A brief theoretical and practical introduction of the mathematical fundamentals in modern portfolio theory.
Modern portfolio theory (MPT), or mean-variance analysis, is a mathematical framework for assembling a portfolio of assets such that the expected return is maximized for a given level of risk.
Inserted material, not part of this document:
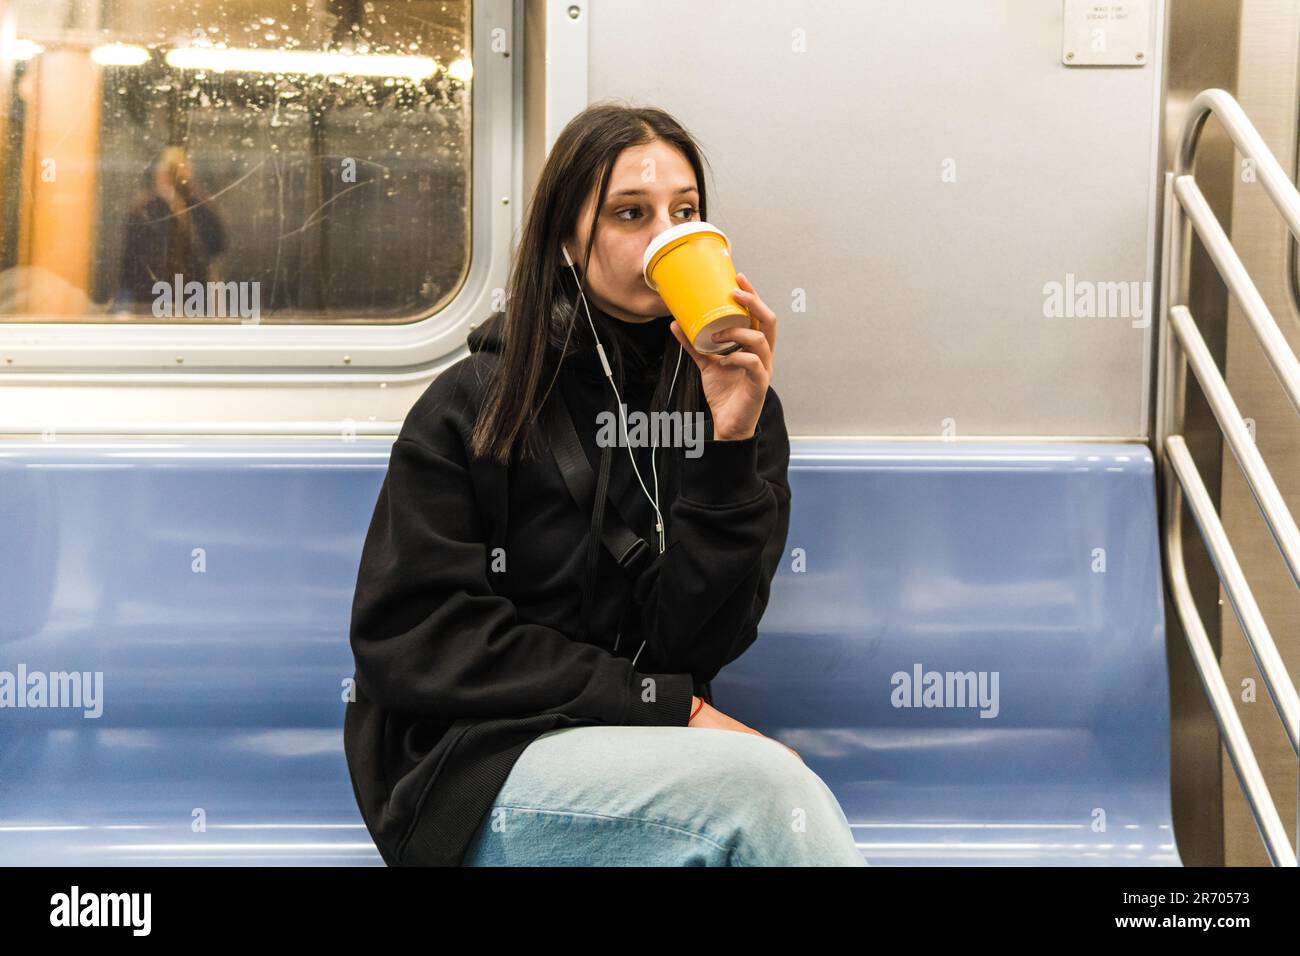 une jeune femme boit du café dans le métro Banque D'Images

It uses the variance of asset prices as a proxy for risk.
Economist Harry Markowitz introduced MPT in a 1952 essay, for which he was later awarded a Nobel Prize in economics.
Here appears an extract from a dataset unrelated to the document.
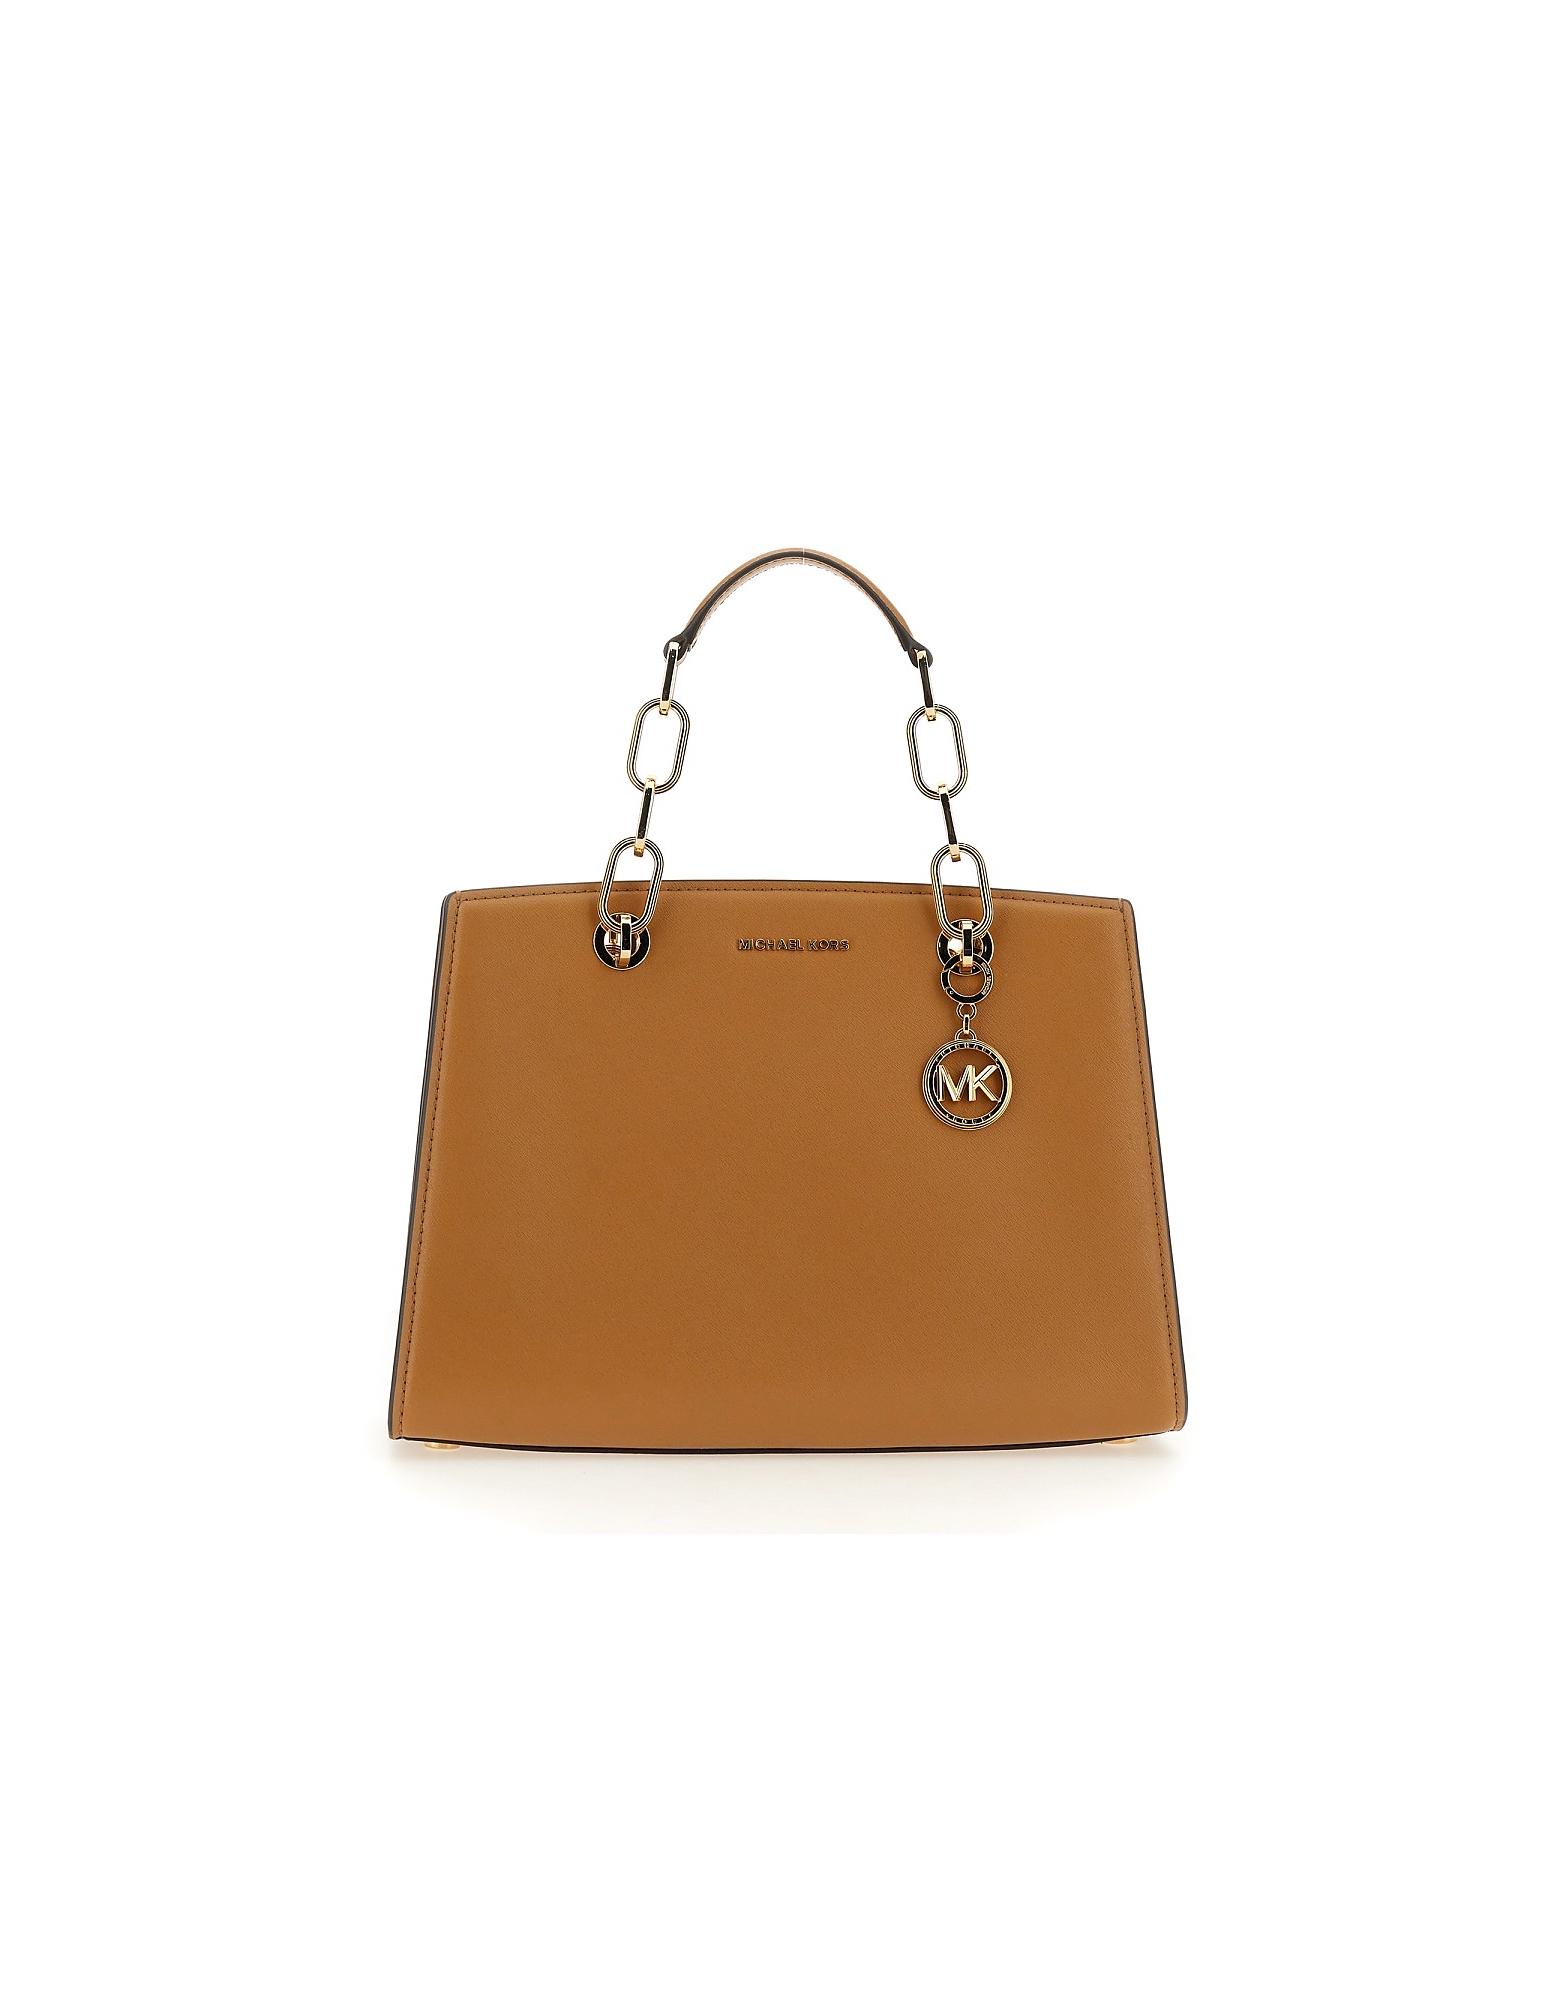 Michael Kors Designer Handbags In Brown

The asset returns \(X = (X_1, X_2, ..., X_k)^T\) follow a multivariate normal distribution:
\(f(\vec{x}) = \frac{1}{\sqrt{(2\pi)^k |\Sigma|} } \exp [-\frac{1}{2} (\vec{x}-\vec{\mu})^T \Sigma^{-1} (\vec{x}-\vec{\mu})]\)Each random variable follows a normal distribution: \(X_i\) ~ \(N(\mu_i, \sigma_i^2)\)
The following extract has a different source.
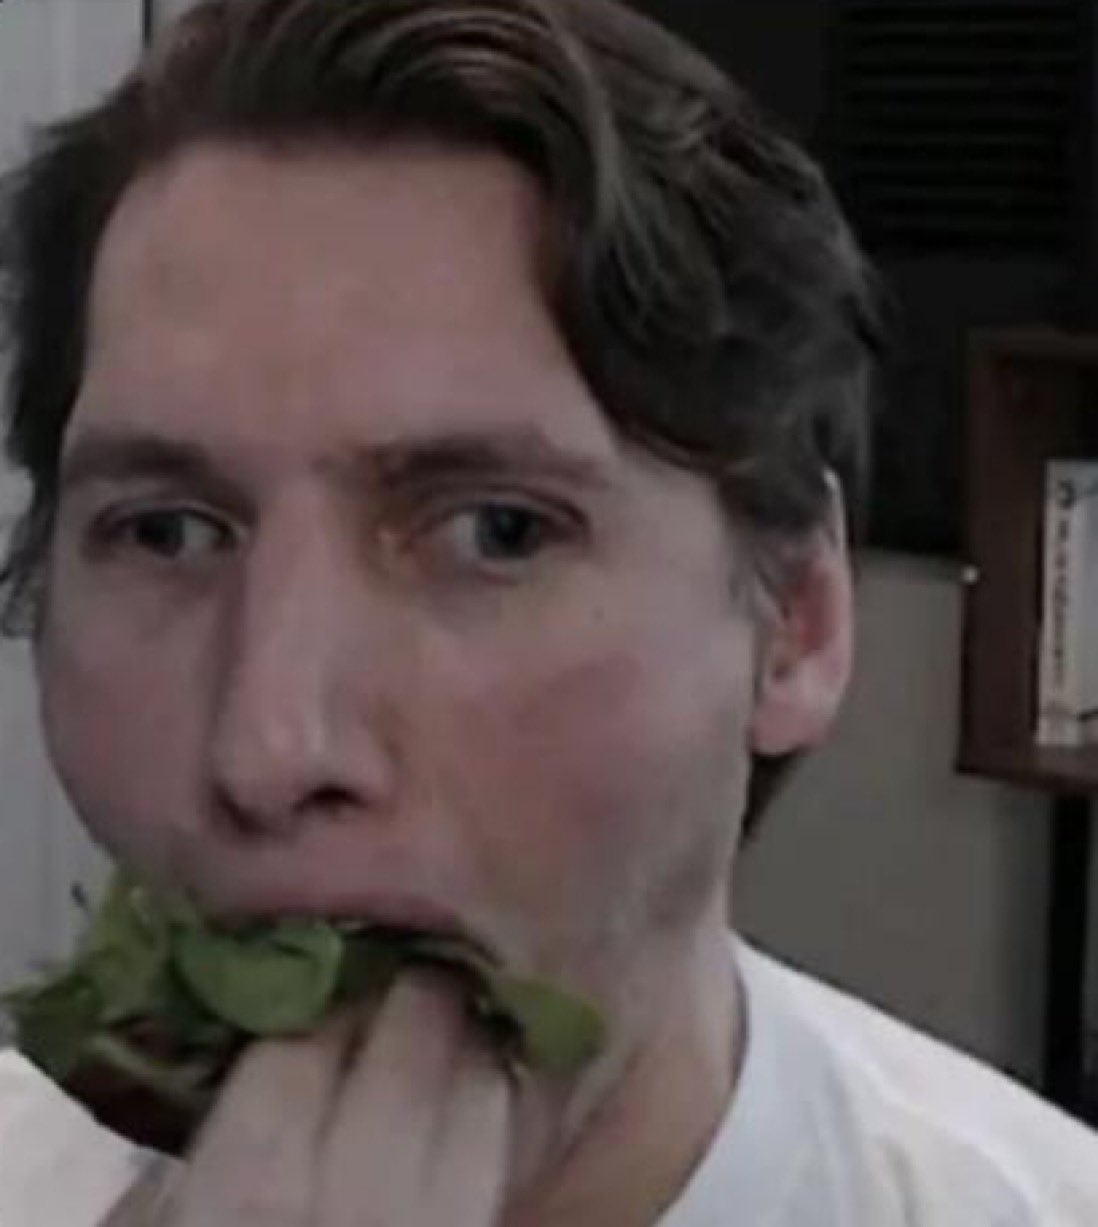 Jerma eating Lettuce Blank Meme Template

Mean vector \(\vec{\mu} = (E(X_1), E(X_2), ..., E(X_k))^T = (\mu_1, \mu_2, ..., \mu_k)^T\)
Covariance matrix \(\Sigma = \{ Cov[X_i, X_j] \} = \{ \rho_{ij} \sigma_i \sigma_j \}, (\rho_{ii}=1; i,j=1,2,...,k)\)
Allocation: portfolio weights for each asset \(\vec{w} = (w_1, w_2, ..., w_k)\).
Portfolio mean (return) (reward):
\(\mu_p = \vec{\mu}^T \vec{w}\)
Portfolio variance (risk):
\(\sigma_p^2 = \vec{w}^T \Sigma \vec{w}\)
Optimization:
\(\min_{\vec{w}} \{ Risk - \lambda * Reward \ | \ \vec{w} \in S \} \)
Standard form: quadratic optimization
\(M = \min_\vec{w} ( \frac{1}{2}\vec{w}^T \Sigma \vec{w} - \lambda \vec{\mu}^T \vec{w} ) \)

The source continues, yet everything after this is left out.